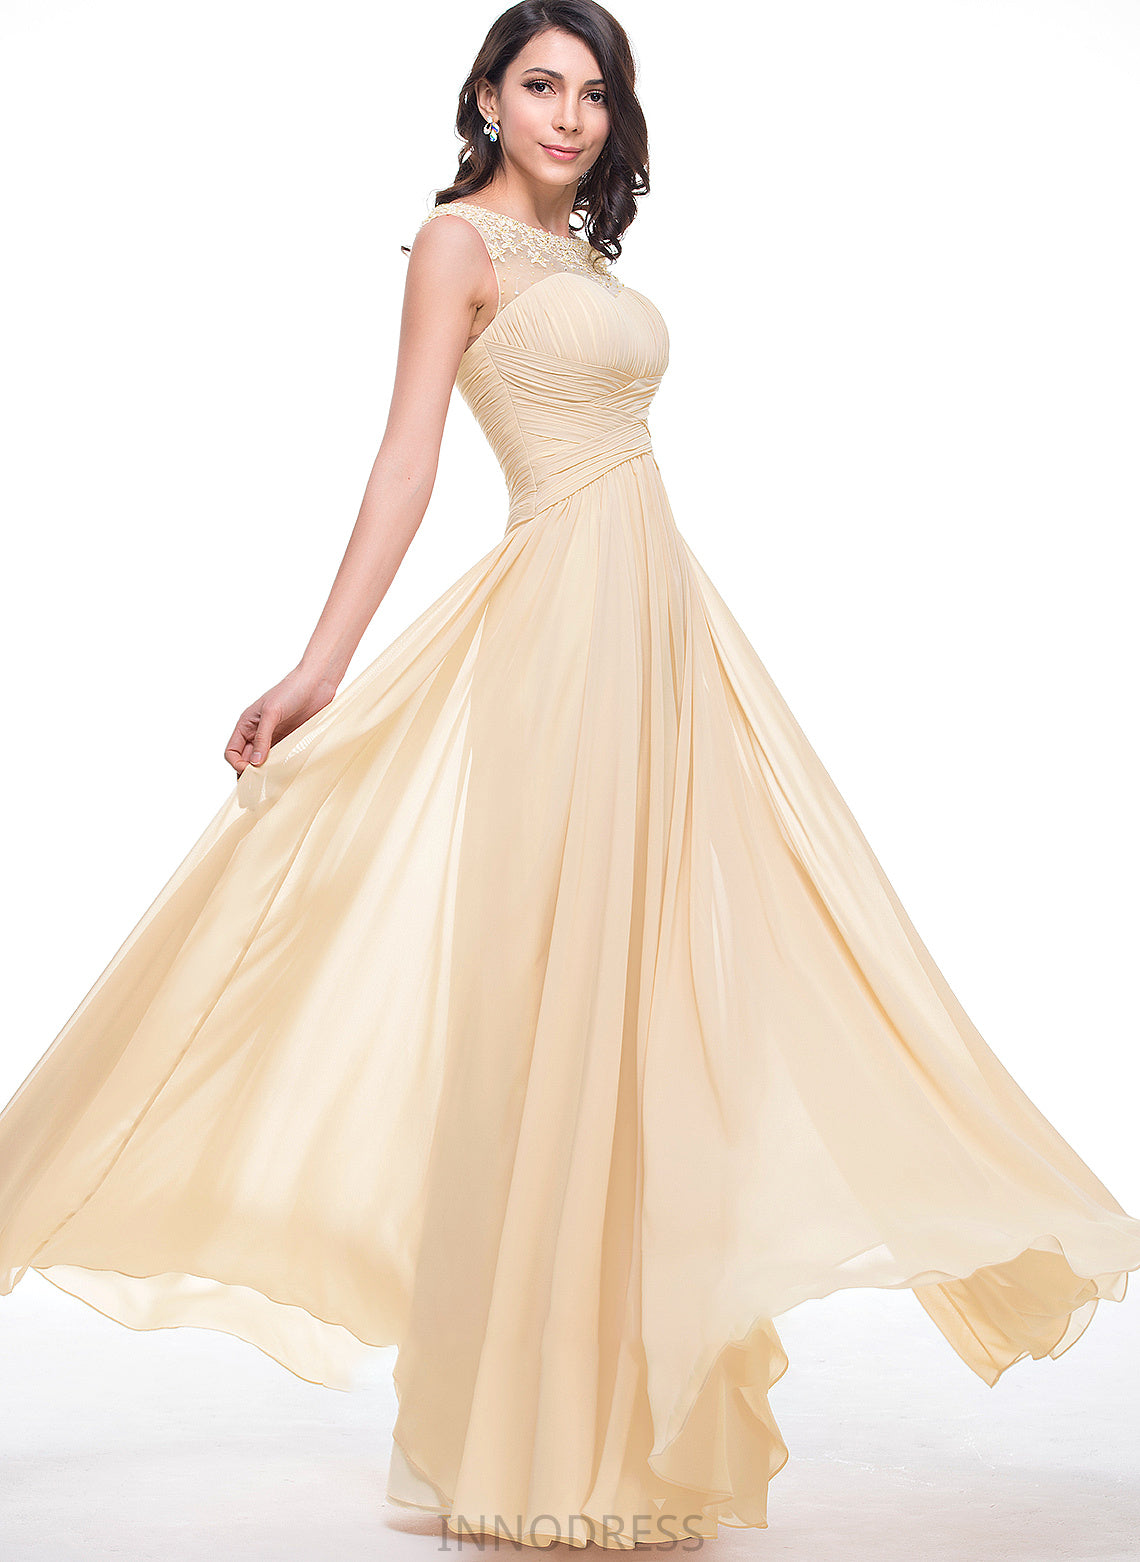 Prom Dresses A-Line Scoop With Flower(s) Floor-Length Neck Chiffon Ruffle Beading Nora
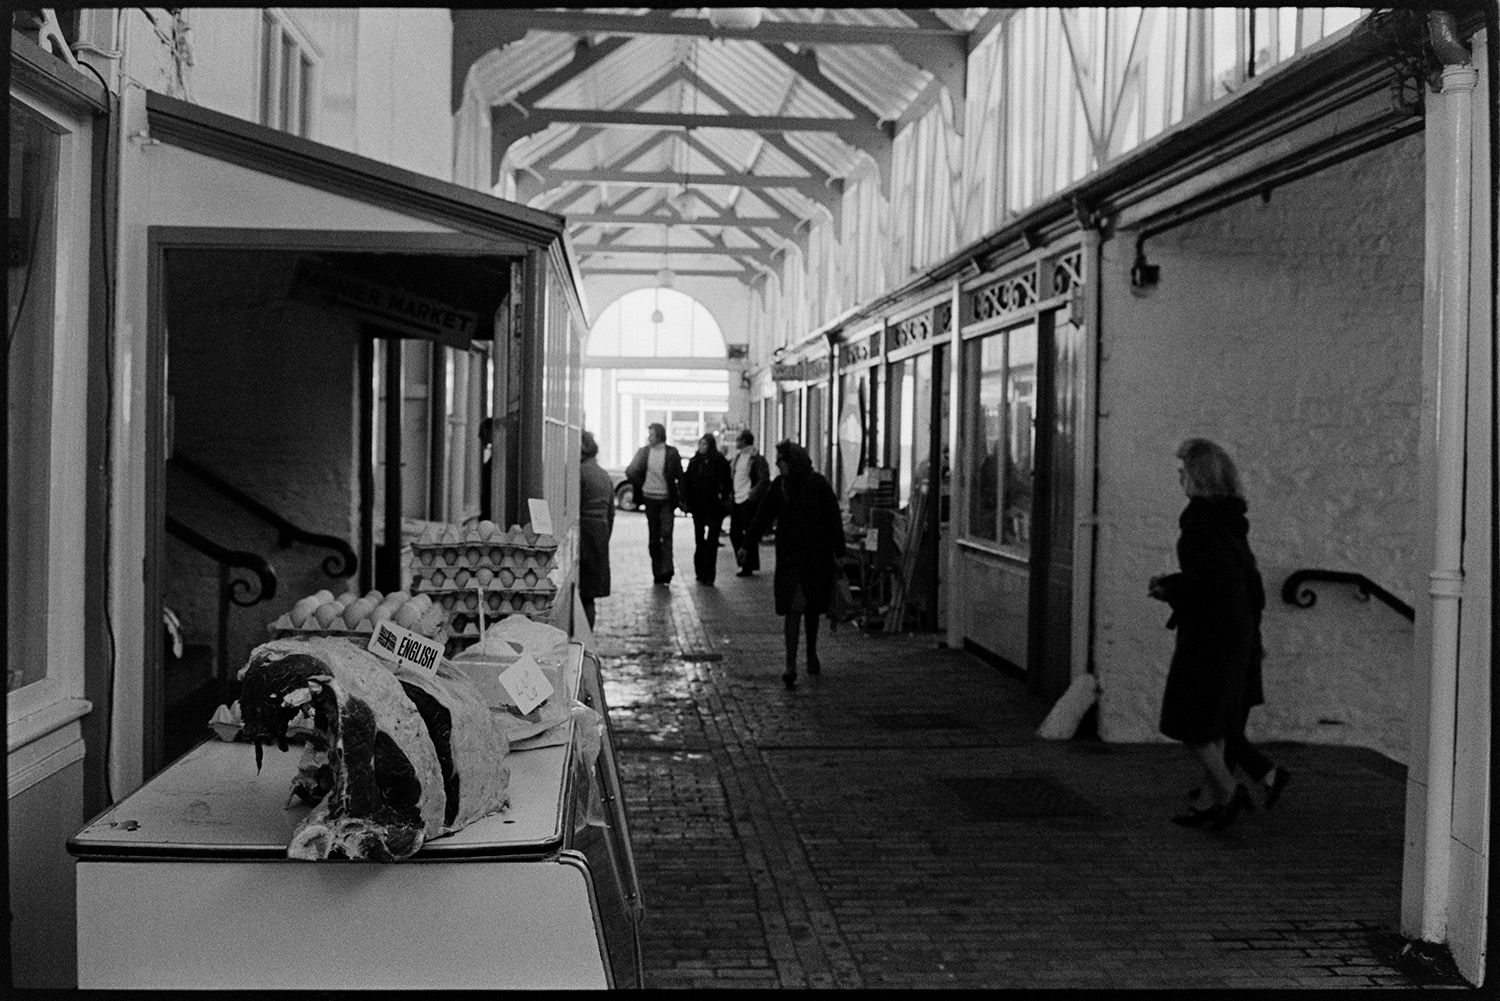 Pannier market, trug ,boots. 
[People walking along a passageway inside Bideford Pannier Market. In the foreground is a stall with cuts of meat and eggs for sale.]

——

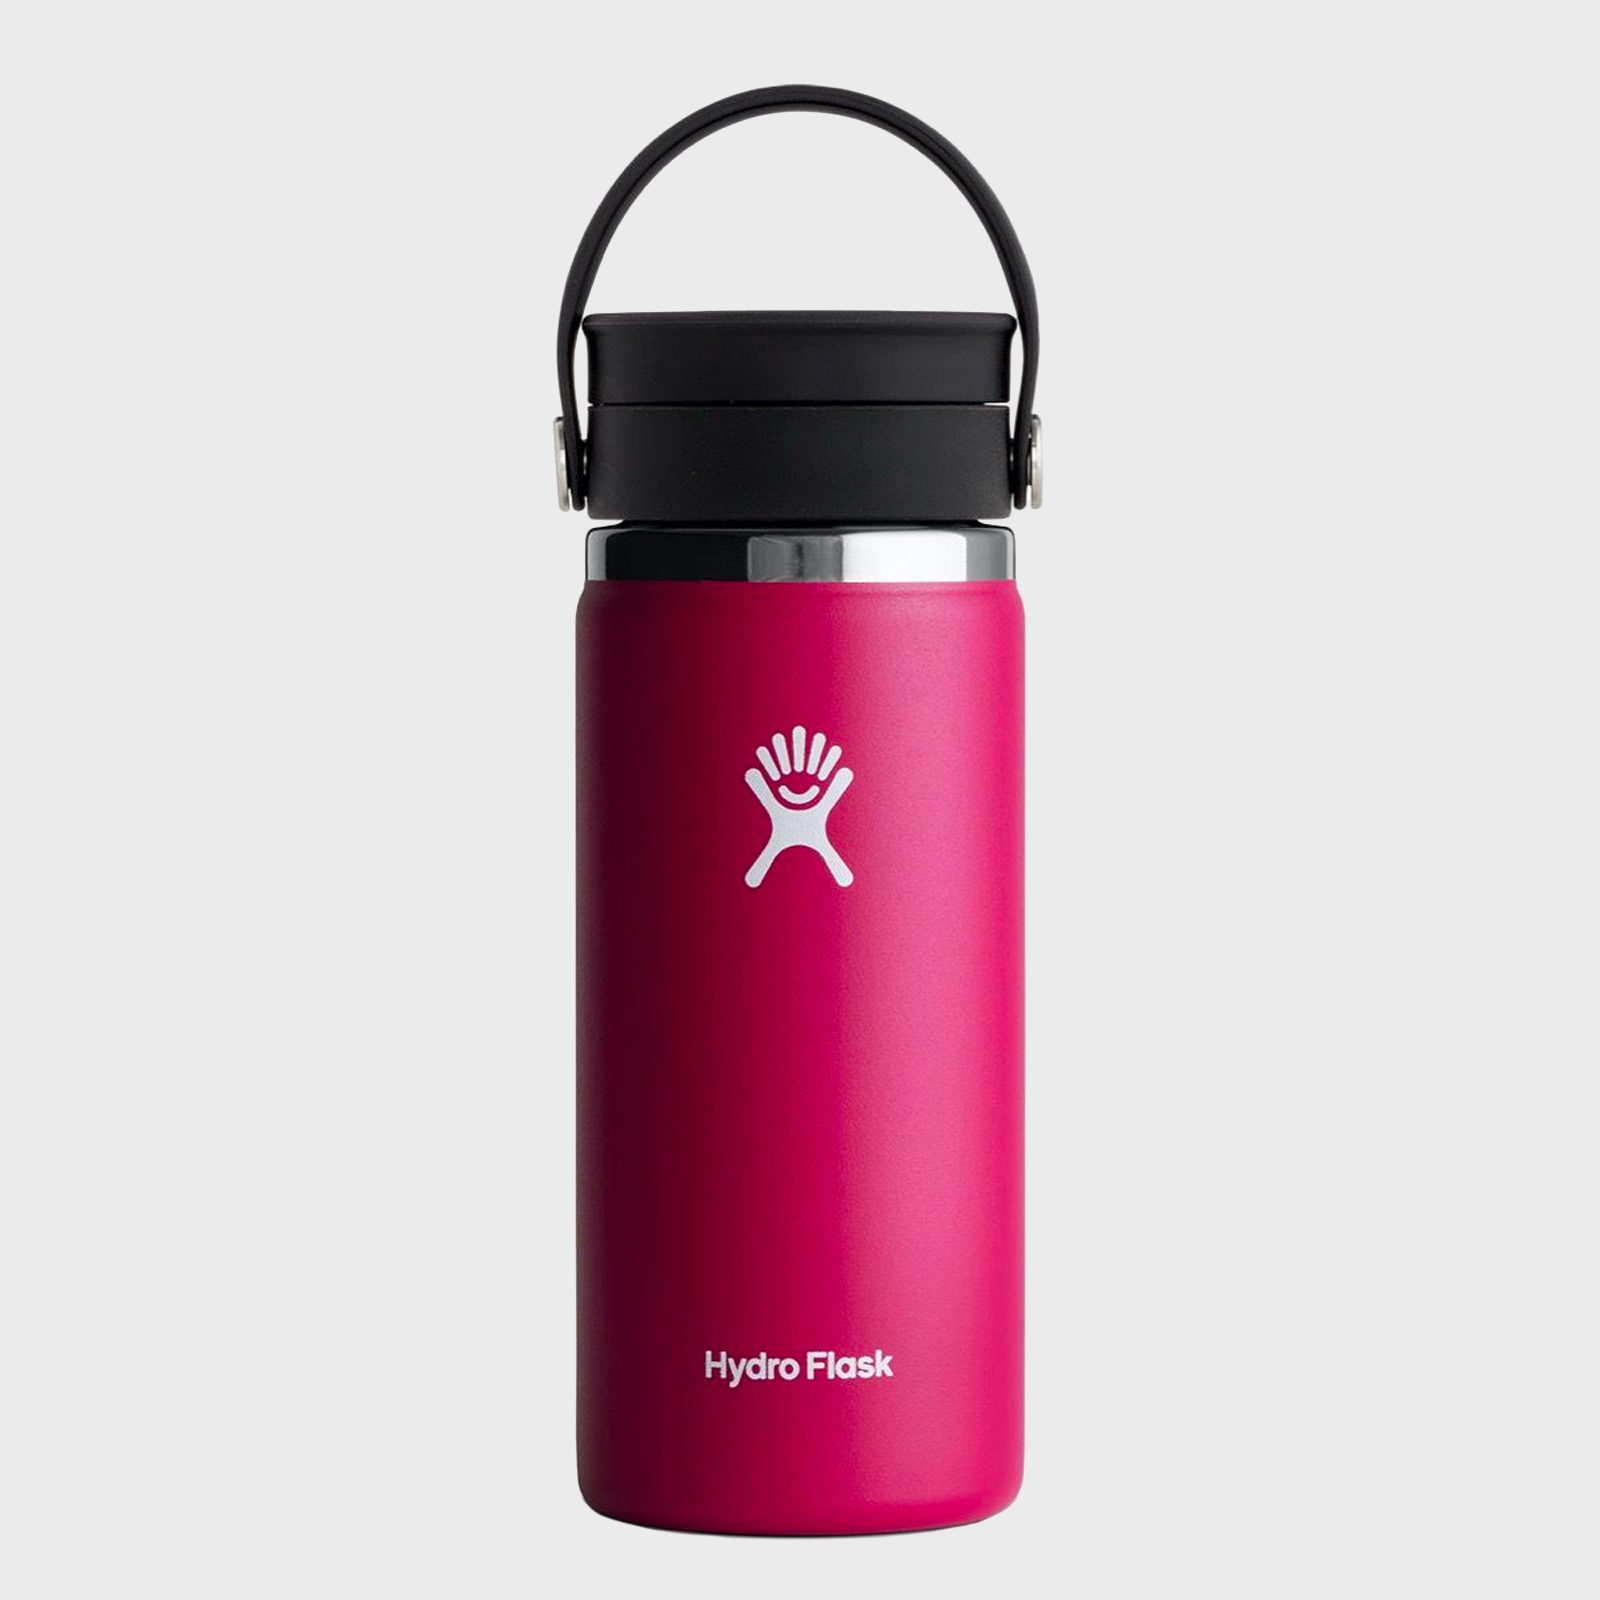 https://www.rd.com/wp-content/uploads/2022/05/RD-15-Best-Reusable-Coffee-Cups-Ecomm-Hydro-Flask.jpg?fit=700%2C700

——

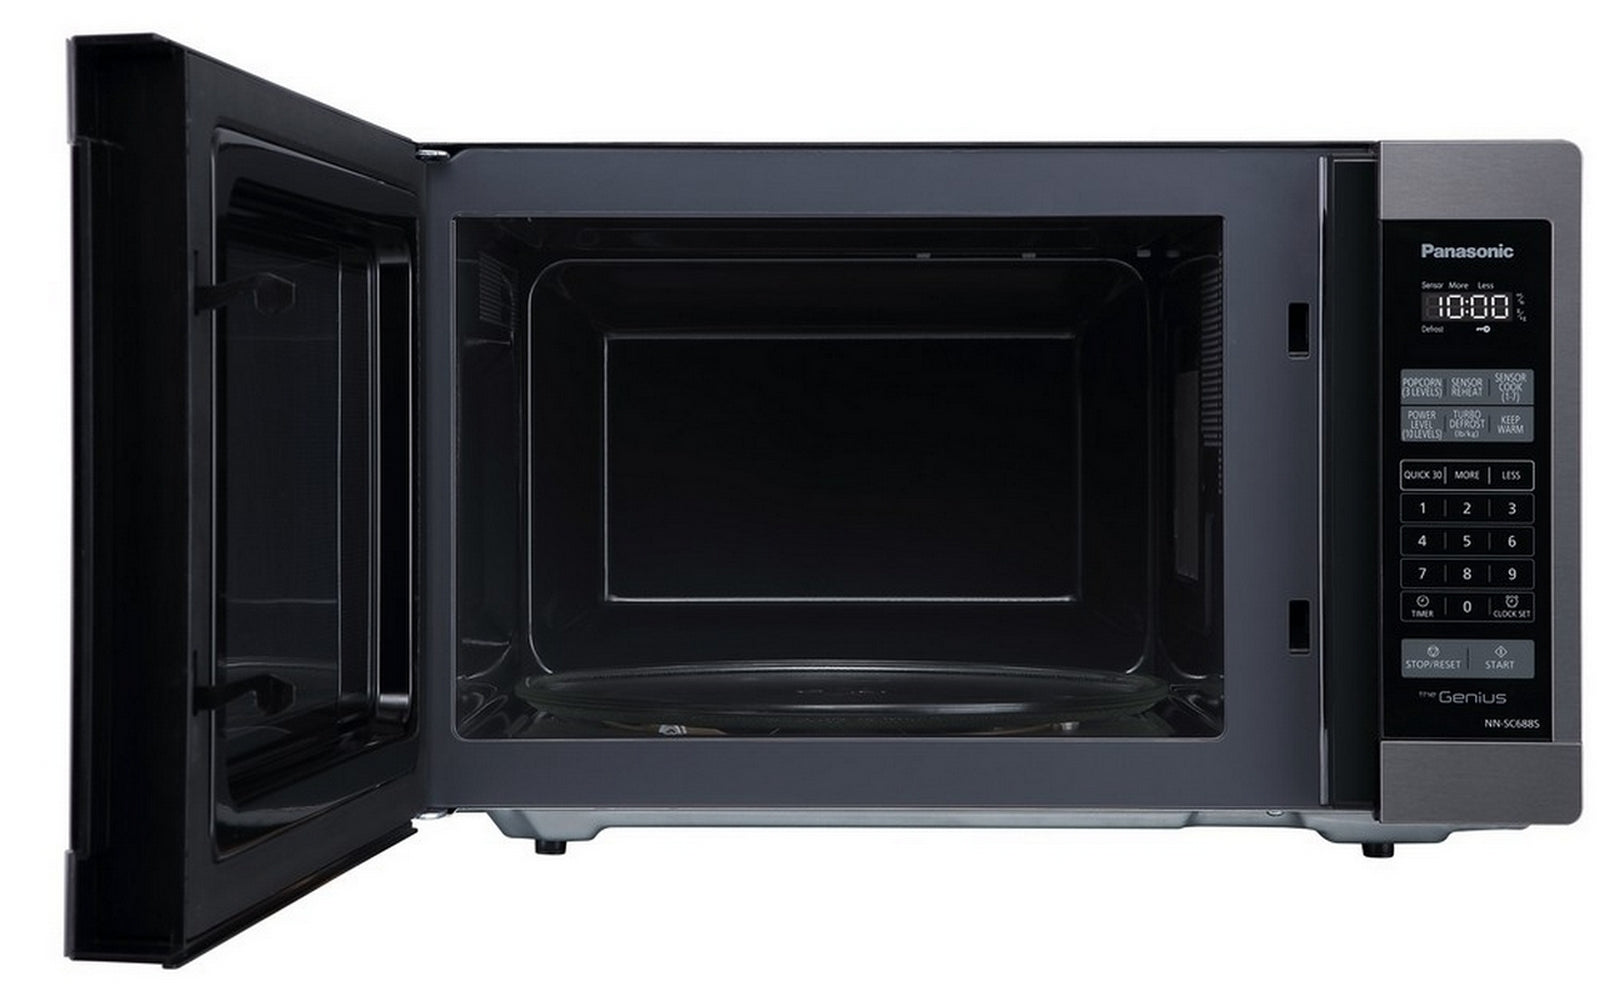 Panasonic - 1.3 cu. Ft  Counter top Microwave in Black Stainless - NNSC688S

——

### Goal of the exercise
Reproduce the listing above exactly from the line containing "Pannier market, trug ,boots." up to and including the line containing "[People walking along", omitting any images and everything outside those lines.

### Result
 Pannier market, trug ,boots. 
[People walking along a passageway inside Bideford Pannier Market. In the foreground is a stall with cuts of meat and eggs for sale.]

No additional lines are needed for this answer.